EXERCISE DESCRIPTION> Your copy should start at the line with "Італійські війська залишаться" and end at the line with "Pantalon de neige" in the data below. Transcribe only those lines, exactly, pictures excluded.

TASK MATERIAL>
•••

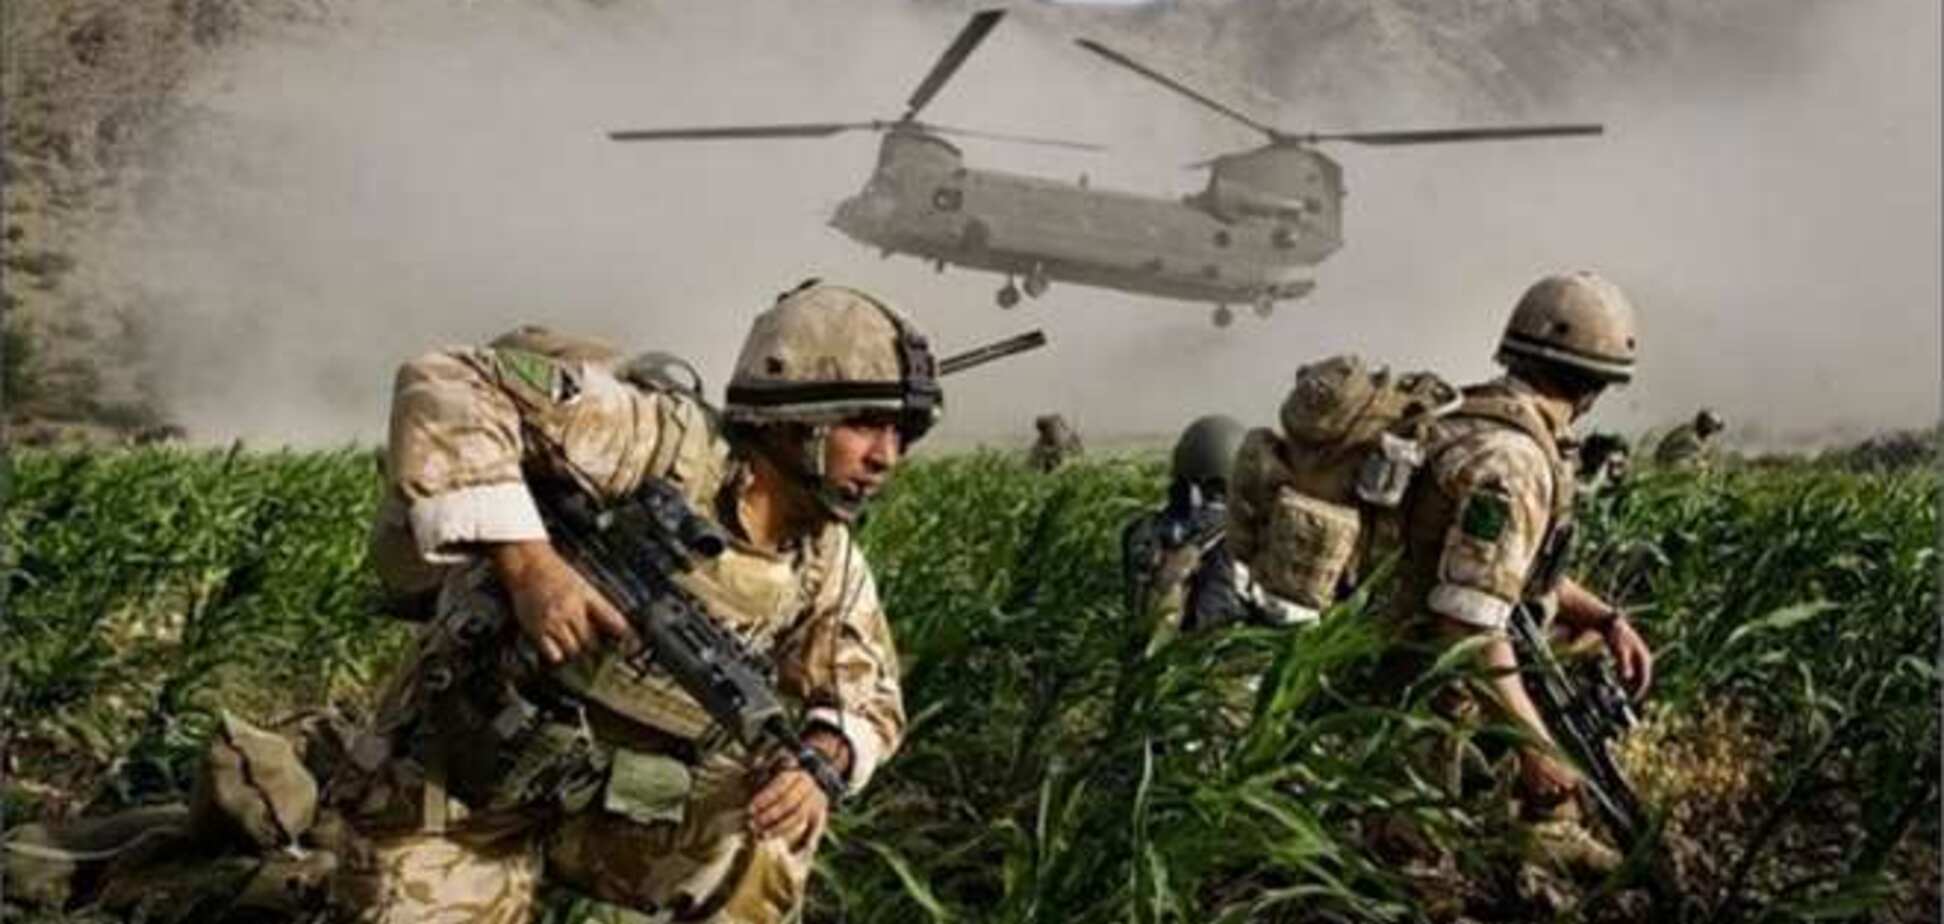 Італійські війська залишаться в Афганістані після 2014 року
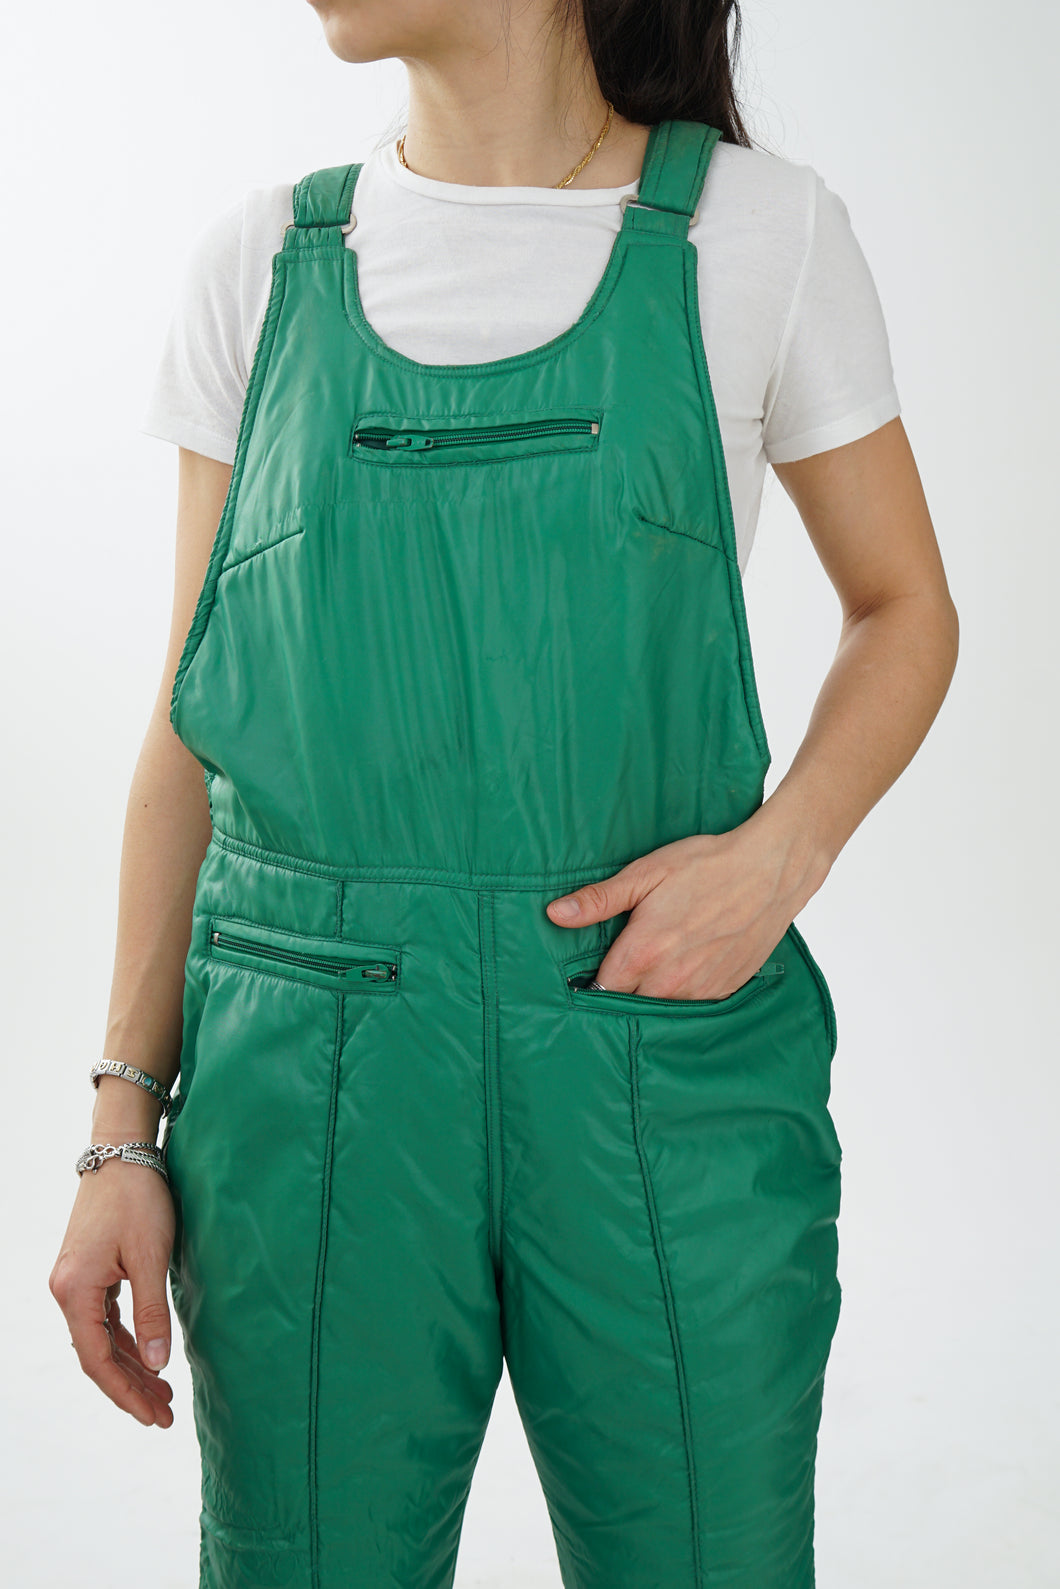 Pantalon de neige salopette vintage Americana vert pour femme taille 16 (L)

•••

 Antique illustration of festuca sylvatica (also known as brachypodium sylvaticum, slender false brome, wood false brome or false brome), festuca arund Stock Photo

•••

ANSWER AREA>
 Італійські війська залишаться в Афганістані після 2014 року
 Pantalon de neige salopette vintage Americana vert pour femme taille 16 (L)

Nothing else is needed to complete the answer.